Did you ever sit back and daydream of listening for the winning lotto numbers and hearing all the numbers on your ticket called? You’re not alone. According to Gallup, approximately half of Americans play state lotteries every year. Even more people go to casinos and try their luck on slot machines or participate in local raffles for charities. Well, if you are one of the lucky ones and win the lottery or hit the jackpot, you have every right to be excited. Just keep in mind that the full amount won’t be all yours to spend.

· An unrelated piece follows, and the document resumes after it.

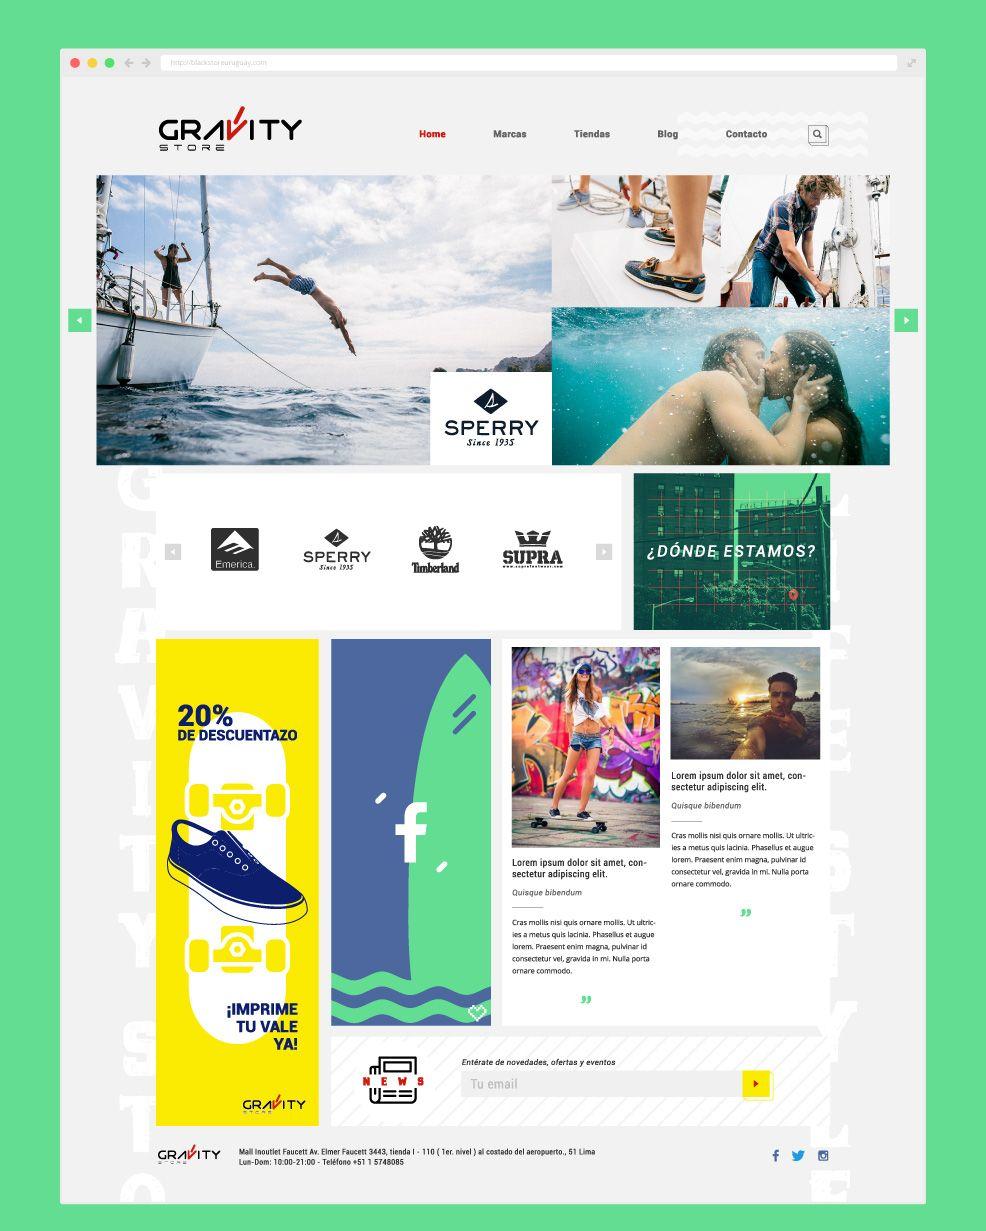 diseño web responsivo para la tienda Gravity

If you win a lot of money, you’ll probably also pay a lot in taxes. Money that’s won through gambling is considered a part of your taxable income, and the Internal Revenue Service cautions that it must be reported on your tax return as such. Whether it’s money from a school raffle, a poker tournament, a state lottery or a casino, any gambling operation that pays you prize money above a set amount must file Form W-2G. You are probably also going to be required to pay taxes on valuable prizes such as trips, houses, cars and other non-cash prizes. The W-2G requirements for reporting will depend on the amount of money you won, the type of gambling you were engaged in and even the ratio of winnings to the wager.
What Is a W-2G Form?
The W-2G Form from the IRS reports winning funds and withholdings that are related to gambling. A gambling operation completes it, and a copy is sent to both the winner and the IRS. Gambling companies complete these forms for all qualifying prizes. The form itself and the W-2G instructions are simple and straightforward. As the winner of the money or prize, you will be listed as the winner. Your name and address will be placed at the top left of the form just under the payer’s information.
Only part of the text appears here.